▸ Records contained in a dataset
┌──
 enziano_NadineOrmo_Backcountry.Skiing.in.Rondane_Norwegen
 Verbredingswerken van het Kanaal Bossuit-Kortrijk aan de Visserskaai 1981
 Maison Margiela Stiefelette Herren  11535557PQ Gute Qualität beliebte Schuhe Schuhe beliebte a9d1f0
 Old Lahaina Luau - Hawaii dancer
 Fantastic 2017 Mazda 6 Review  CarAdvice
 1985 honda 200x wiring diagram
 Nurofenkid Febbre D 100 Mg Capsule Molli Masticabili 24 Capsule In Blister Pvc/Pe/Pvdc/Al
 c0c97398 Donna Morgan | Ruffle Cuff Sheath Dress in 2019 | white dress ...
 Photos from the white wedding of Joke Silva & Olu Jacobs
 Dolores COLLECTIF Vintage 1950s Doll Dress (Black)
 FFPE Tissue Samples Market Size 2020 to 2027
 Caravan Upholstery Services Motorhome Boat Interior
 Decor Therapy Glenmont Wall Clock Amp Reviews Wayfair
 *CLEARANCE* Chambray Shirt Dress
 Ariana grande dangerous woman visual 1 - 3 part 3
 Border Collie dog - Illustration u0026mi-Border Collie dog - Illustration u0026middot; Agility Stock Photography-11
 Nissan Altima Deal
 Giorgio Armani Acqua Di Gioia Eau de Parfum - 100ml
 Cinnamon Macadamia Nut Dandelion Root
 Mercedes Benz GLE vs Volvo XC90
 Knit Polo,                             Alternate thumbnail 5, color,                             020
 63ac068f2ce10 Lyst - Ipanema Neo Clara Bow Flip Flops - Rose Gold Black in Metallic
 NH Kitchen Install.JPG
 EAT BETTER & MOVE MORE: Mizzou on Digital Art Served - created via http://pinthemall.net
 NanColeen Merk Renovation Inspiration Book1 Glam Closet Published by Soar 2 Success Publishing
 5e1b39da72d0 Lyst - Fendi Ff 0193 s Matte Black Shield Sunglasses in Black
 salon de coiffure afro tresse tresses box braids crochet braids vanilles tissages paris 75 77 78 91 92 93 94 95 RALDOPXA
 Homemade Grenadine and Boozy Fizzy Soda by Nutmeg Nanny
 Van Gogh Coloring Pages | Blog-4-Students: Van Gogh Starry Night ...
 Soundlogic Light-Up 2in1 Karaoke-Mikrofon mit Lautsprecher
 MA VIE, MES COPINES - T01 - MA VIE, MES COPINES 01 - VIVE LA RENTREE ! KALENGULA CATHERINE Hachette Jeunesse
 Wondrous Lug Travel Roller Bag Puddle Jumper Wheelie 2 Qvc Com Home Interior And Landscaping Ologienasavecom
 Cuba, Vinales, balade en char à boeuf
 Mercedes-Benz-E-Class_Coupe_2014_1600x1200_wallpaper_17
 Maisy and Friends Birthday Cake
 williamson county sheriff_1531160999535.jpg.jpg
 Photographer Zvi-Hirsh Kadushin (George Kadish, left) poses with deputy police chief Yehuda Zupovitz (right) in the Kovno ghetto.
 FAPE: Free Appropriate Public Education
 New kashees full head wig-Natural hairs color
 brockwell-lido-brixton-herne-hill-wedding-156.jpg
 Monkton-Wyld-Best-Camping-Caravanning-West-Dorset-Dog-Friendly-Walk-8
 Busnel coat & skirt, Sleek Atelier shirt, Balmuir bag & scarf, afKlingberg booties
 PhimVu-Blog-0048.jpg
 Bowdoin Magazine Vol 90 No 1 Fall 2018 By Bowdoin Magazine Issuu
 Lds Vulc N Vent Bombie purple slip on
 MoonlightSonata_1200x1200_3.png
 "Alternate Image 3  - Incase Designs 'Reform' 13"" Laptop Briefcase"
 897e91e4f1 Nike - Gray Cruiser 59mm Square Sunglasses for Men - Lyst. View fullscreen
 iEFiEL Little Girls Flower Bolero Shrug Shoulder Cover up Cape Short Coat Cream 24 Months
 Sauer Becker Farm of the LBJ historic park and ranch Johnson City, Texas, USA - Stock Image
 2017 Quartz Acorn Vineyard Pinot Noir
└──
Extract all lines of the records above that include "Blog".

▸ ANSWER TO THIS TASK
 Van Gogh Coloring Pages | Blog-4-Students: Van Gogh Starry Night ...
 PhimVu-Blog-0048.jpg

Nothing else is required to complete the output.